2. Produce the predicted probabilities plot as well as the ROC curve and interpret these results.

wealth 1:

wealth 2:

wealth 3:

wealth 4:

wealth 5:

Similar to the previous models, model 4 is better with the extreme wealth outcomes than with those in the middle. Model 4 is best at predicting the 5th wealth outcome, with an AUC of 0.738, the highest of all models. It has a moderate predictive power over the 1st and the 4th wealth outcomes, and its performance is worst in predicting the 2nd and the 3rd outcomes. Although it is not as good as predicting wealth outcomes in the middle, it has a decent AUC for wealth 2 and 3, a slight improvement comparing to the other models. Overall, I think this model has good predictive power.

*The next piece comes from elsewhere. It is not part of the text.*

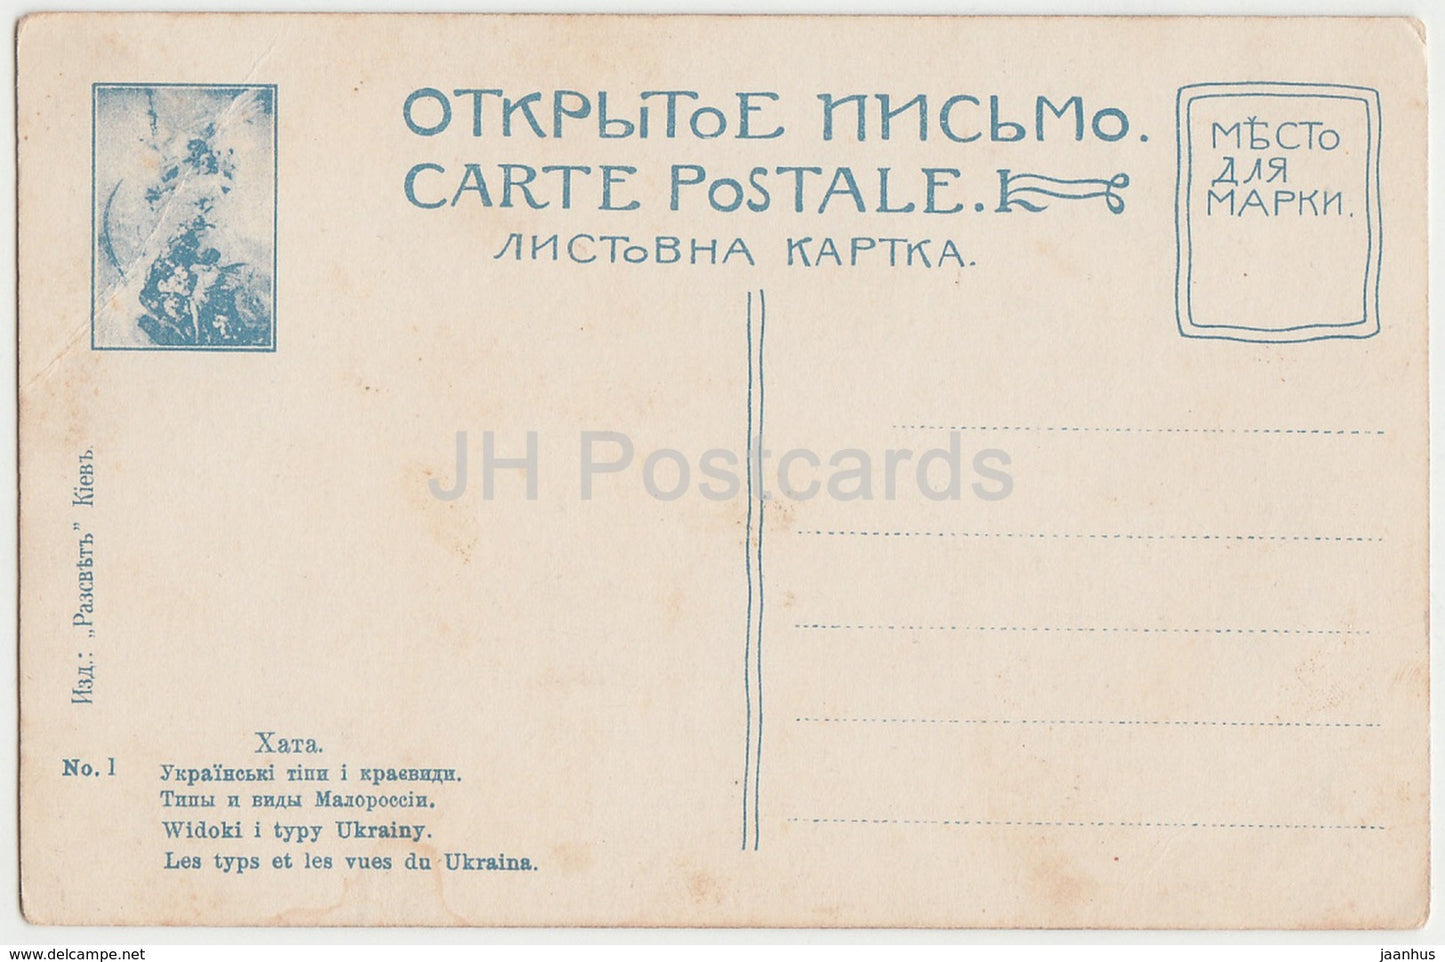 Khata – Ukrainisches Haus – Les Typs et les vues du Ukraina – alte Postkarte – Ukraine – Kaiserliches Russland – unbenutzt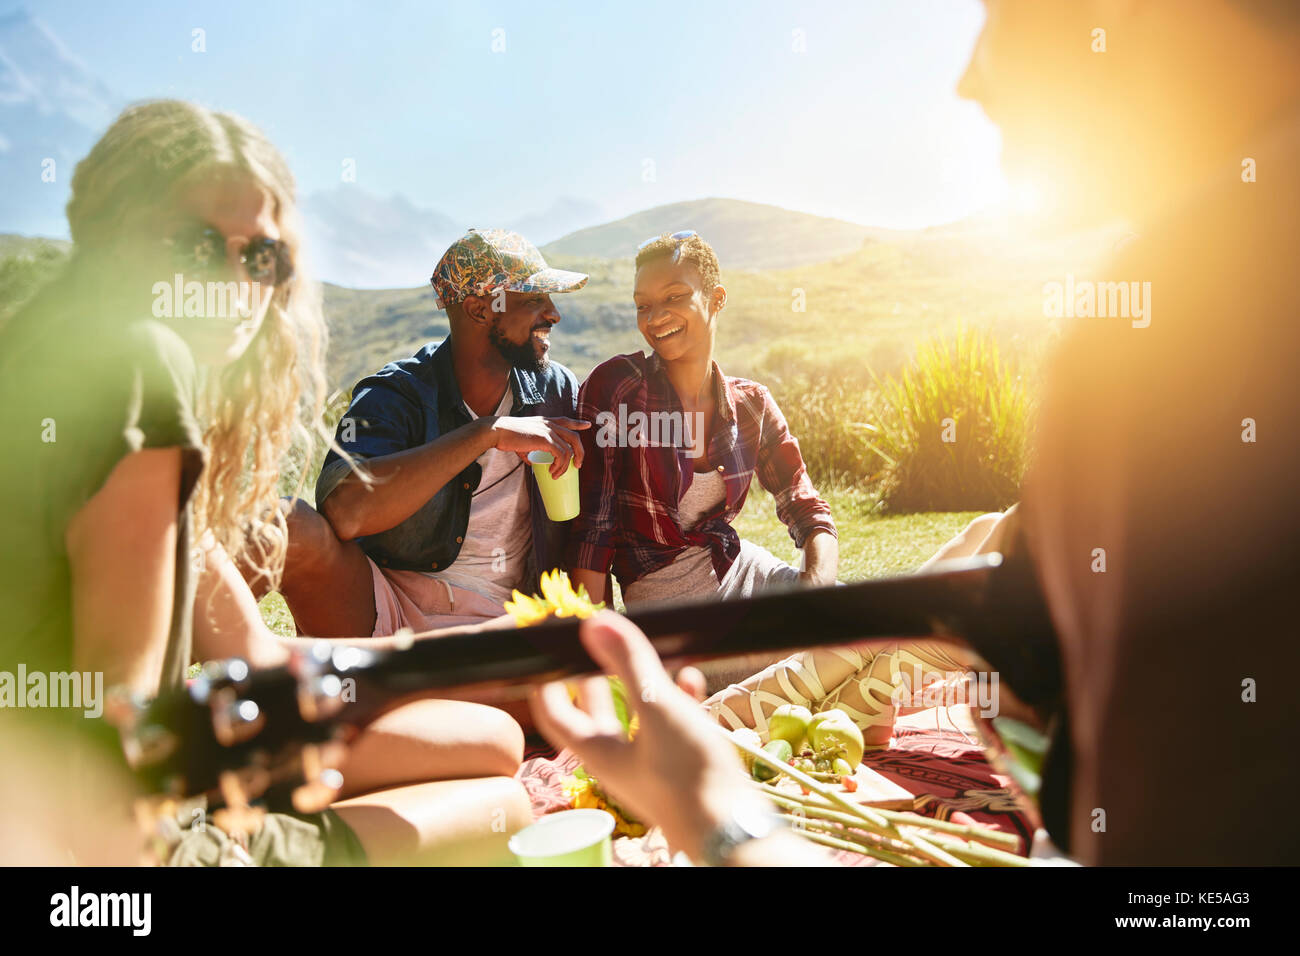 Jeunes amis qui pique-niquent dans un parc d'été ensoleillé Banque D'Images

In line with the AUC values, the predicted probabilities of the 1st and the 5th wealth outcomes are higher than that of the 2nd and the 3rd as the model is more capable of predicting outcomes at both ends.

Analyze all four models.

1. According to the evaluation metrics, which model produced the best results?

According to the AUC values of each model, model 4 seems to have produced the best results.

2. Were there any discrepancies among the five wealth outcomes from your DHS survey dataset?

All of the models have shown similar trends in predicting different stratas of wealth outcomes. The second and the third stratas of the wealth outcomes are the hardest to predict, while all models perform the best for the fifth strata. Overall, the models perform better for those who are extremely wealthy or poor, while its performance drops significantly for those in the middle.